Pictures stay out of the copy; set down each line of the listing below exactly.
==== EXERCISE DATA
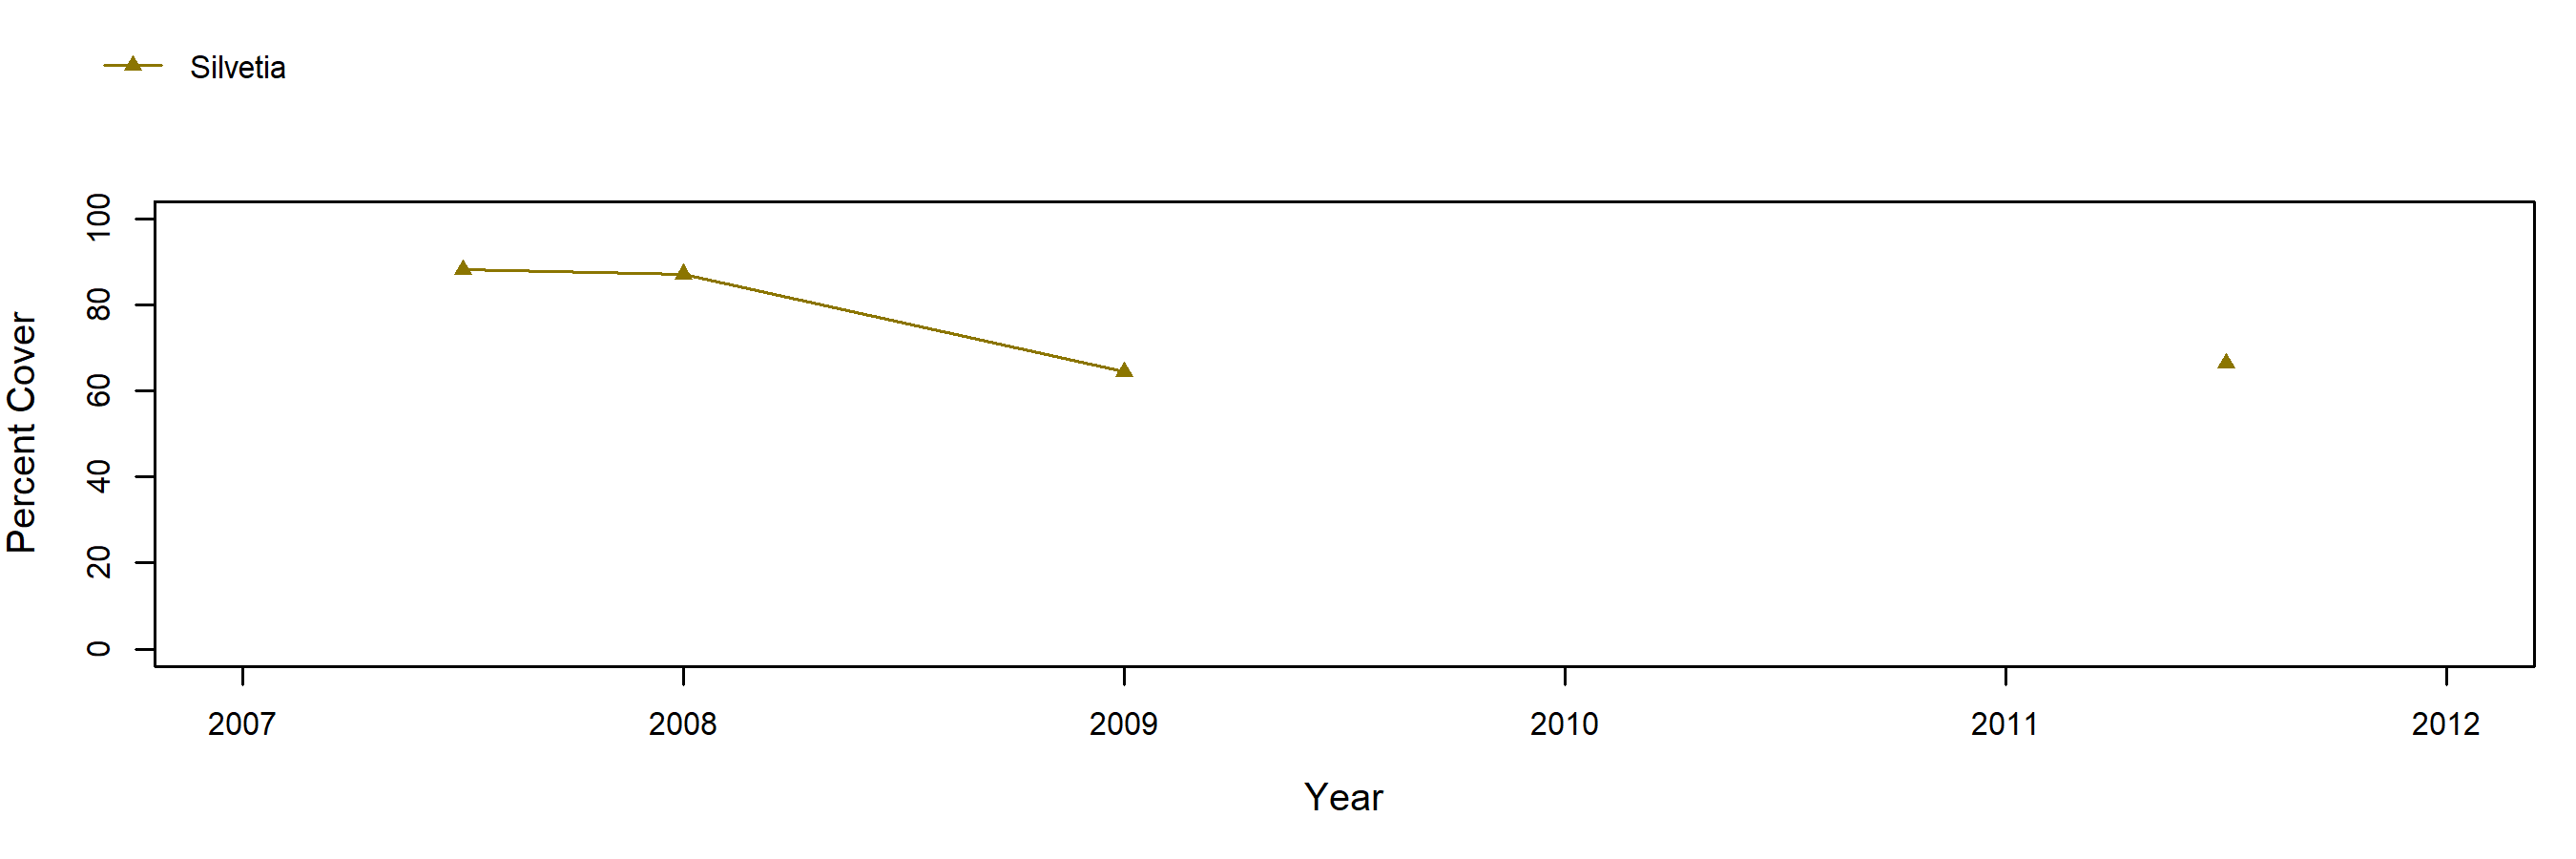 Point Piños Silvetia trend plot
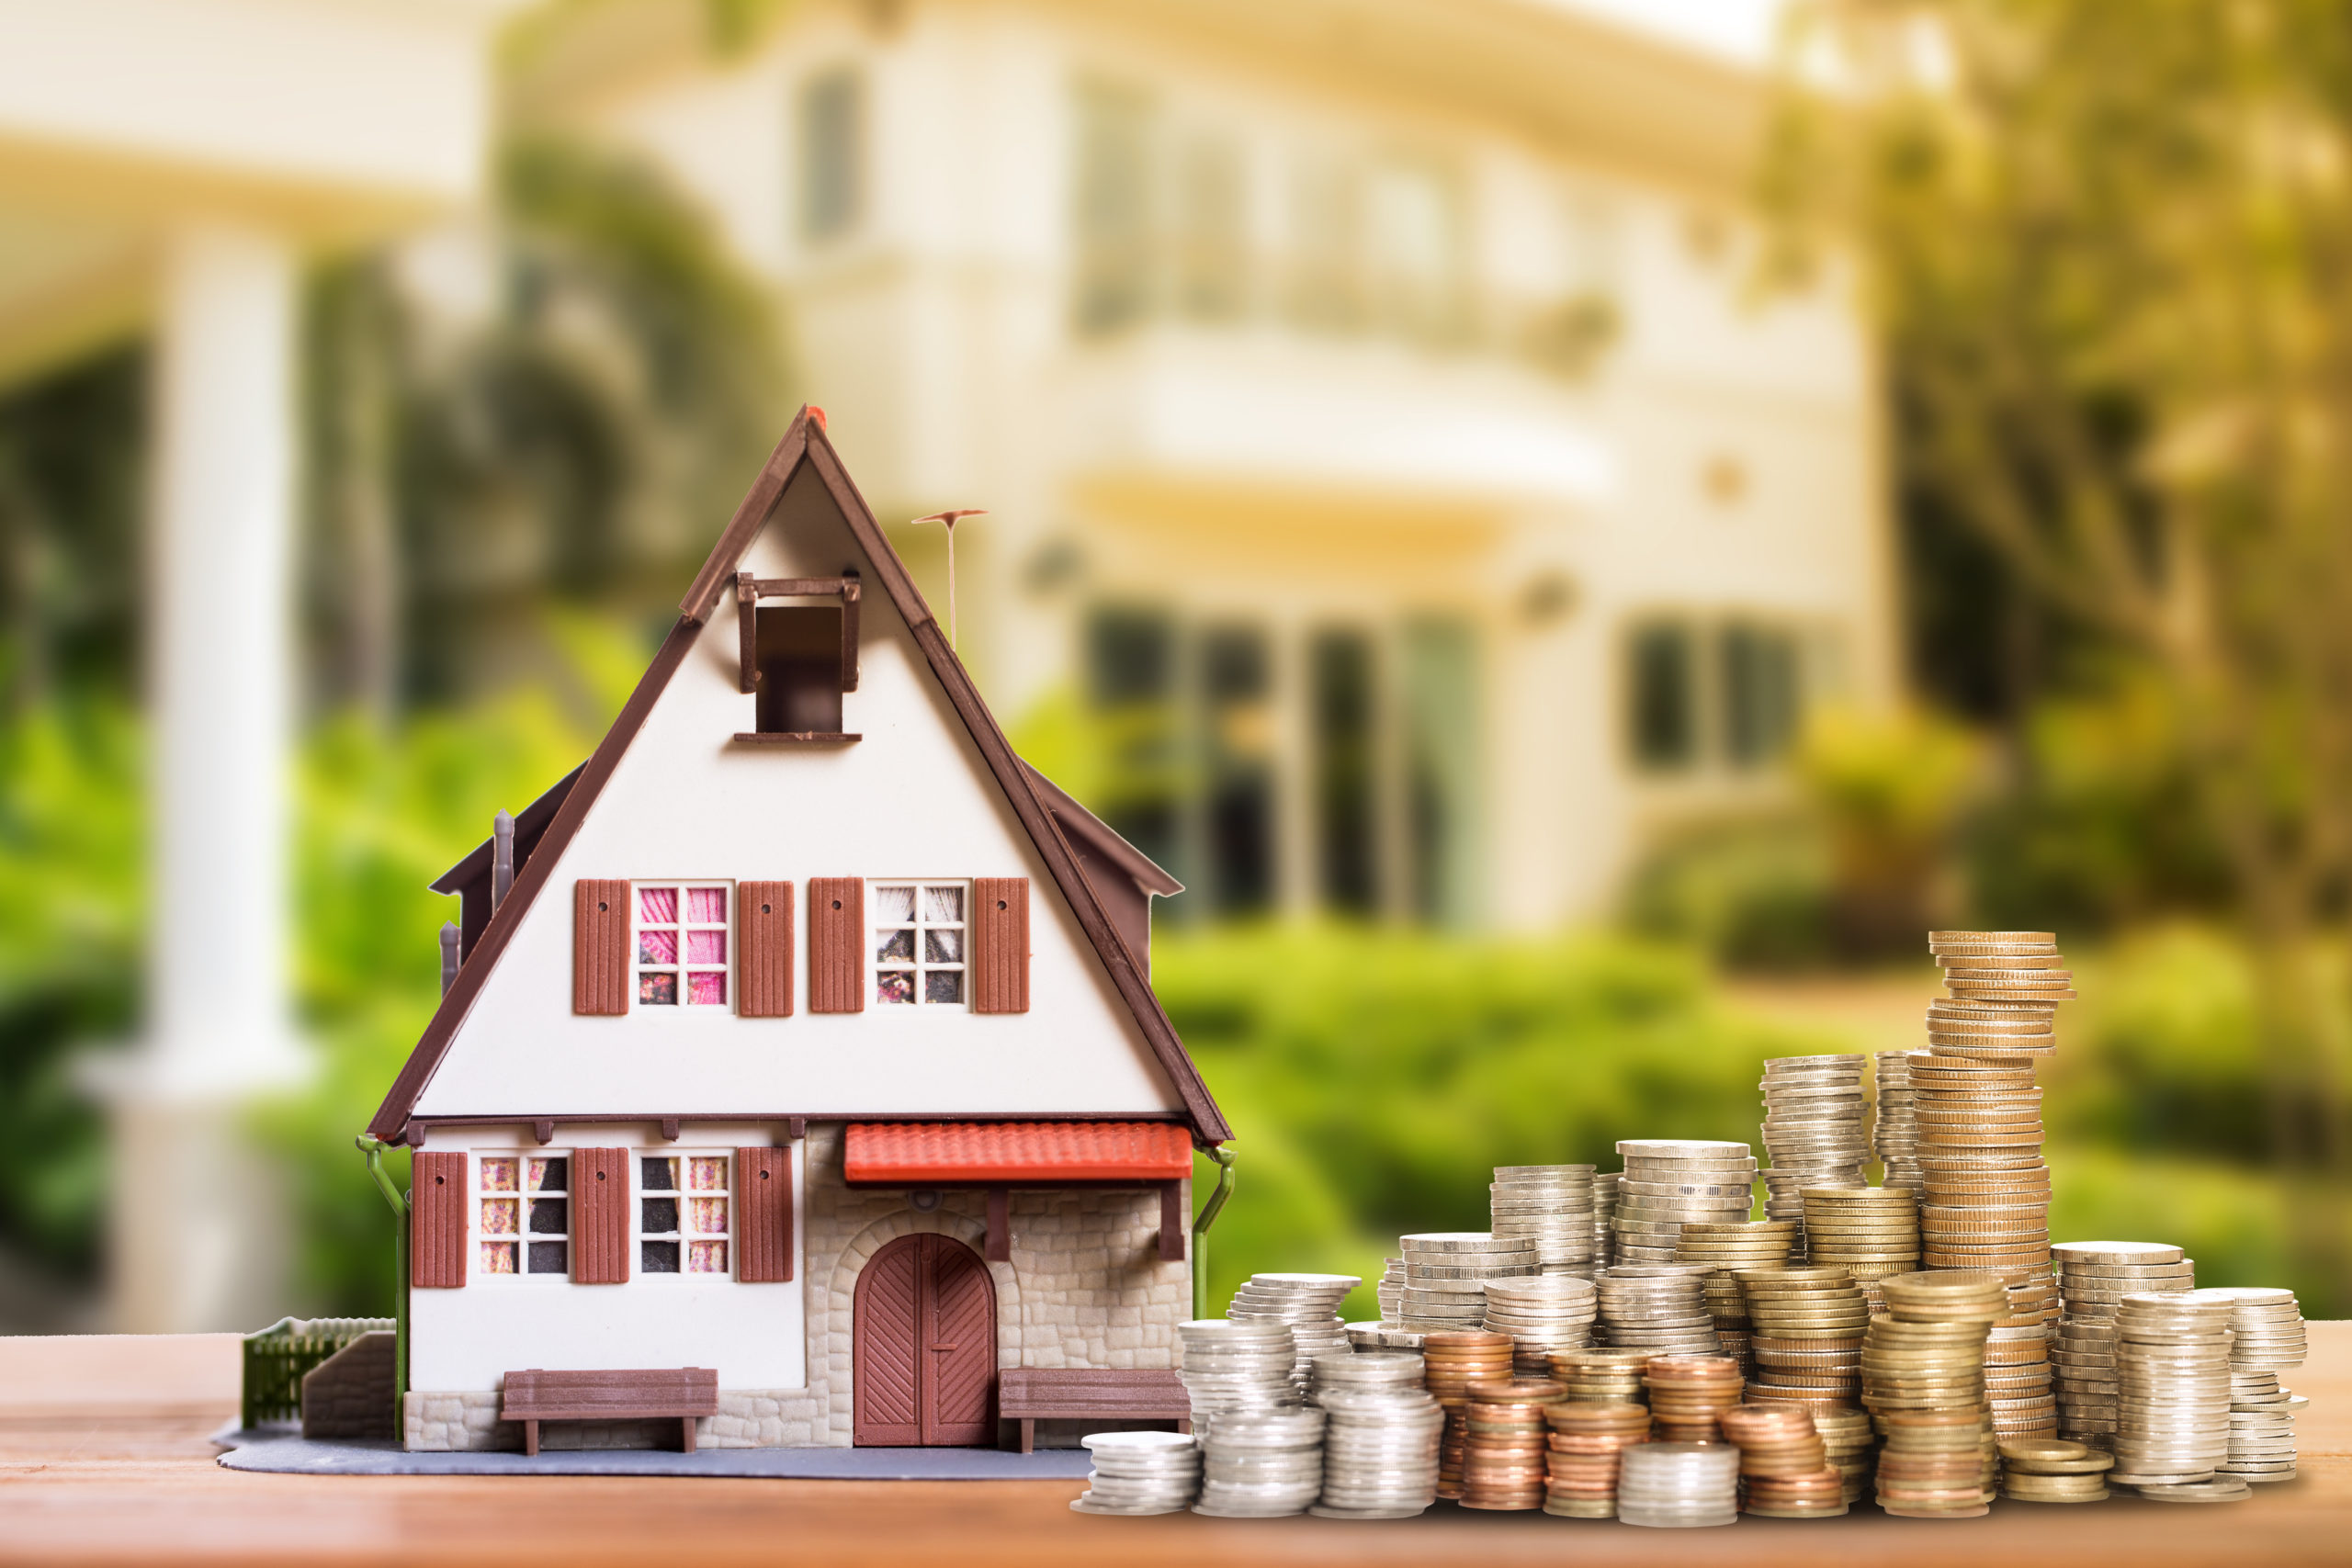 Инвестирование в недвижимость: за и против денег под залог доли в квартире
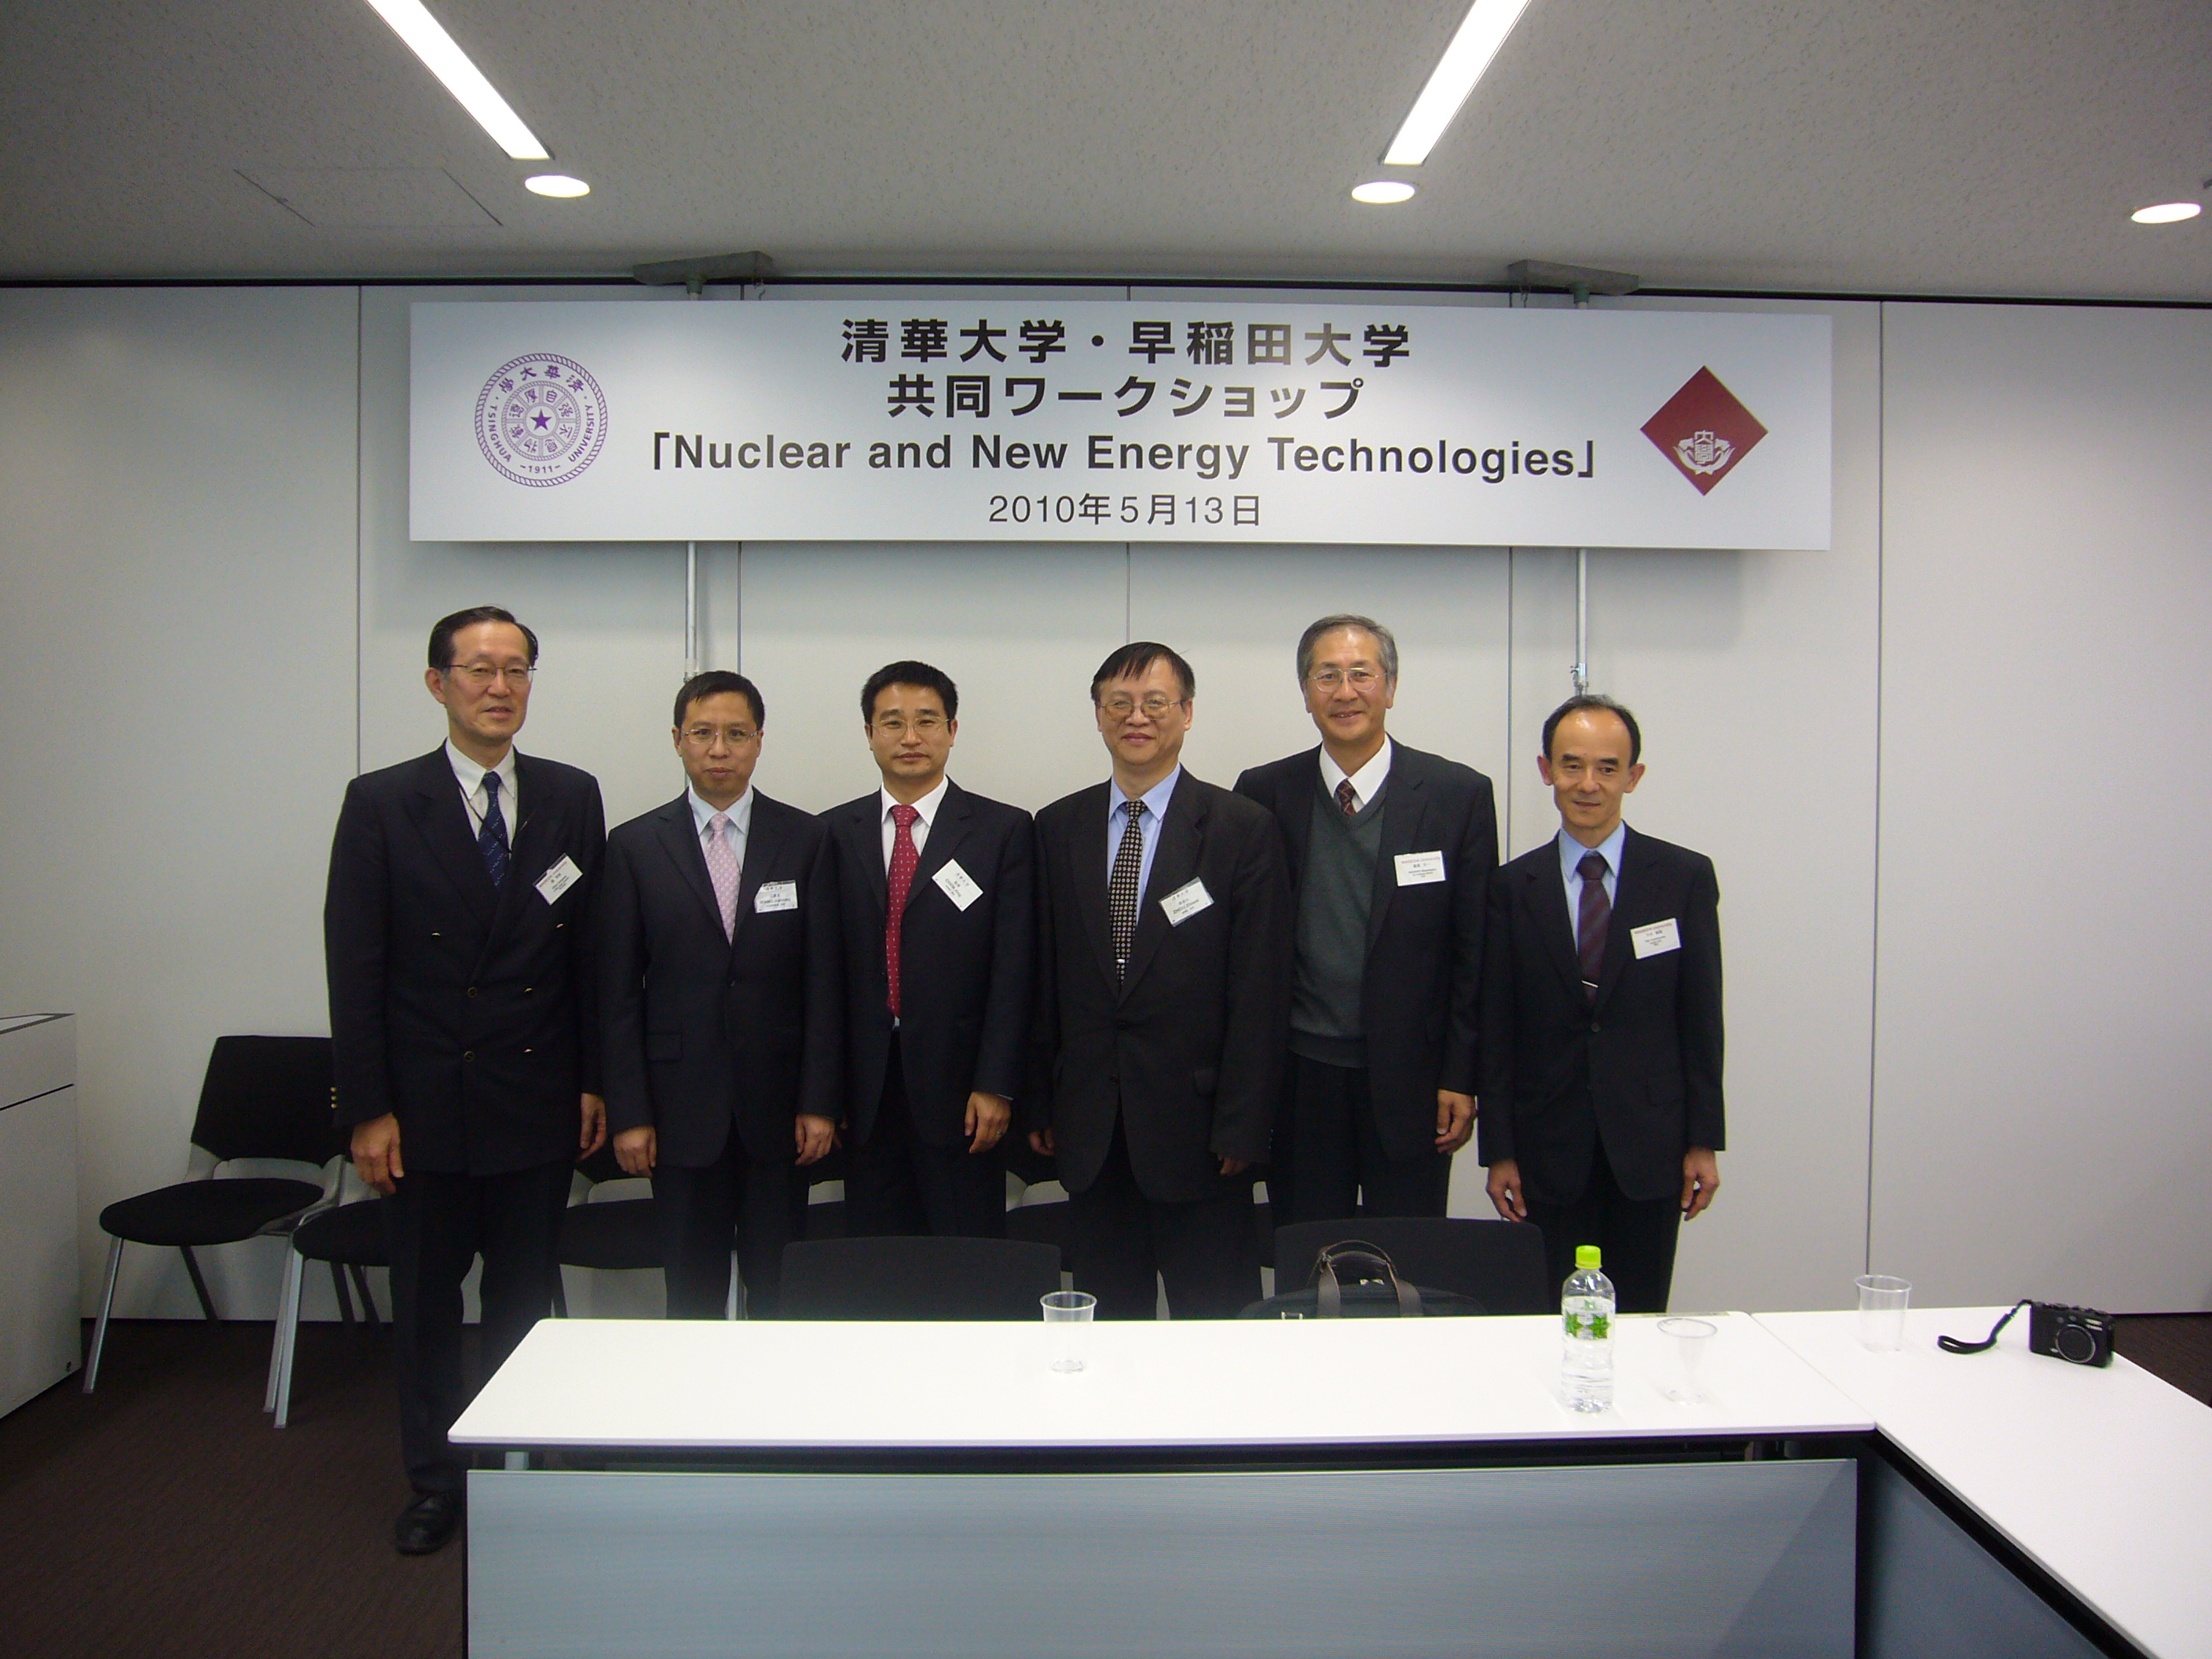 2010/5/13に清華大学デーを開催し、中国の原子力事情の講演と早稲田大学の共同原子力専攻と原子力研究について紹介し意見交換を行いました。
========
WRITTEN SOLUTION
 Point Piños Silvetia trend plot
 Инвестирование в недвижимость: за и против денег под залог доли в квартире
 2010/5/13に清華大学デーを開催し、中国の原子力事情の講演と早稲田大学の共同原子力専攻と原子力研究について紹介し意見交換を行いました。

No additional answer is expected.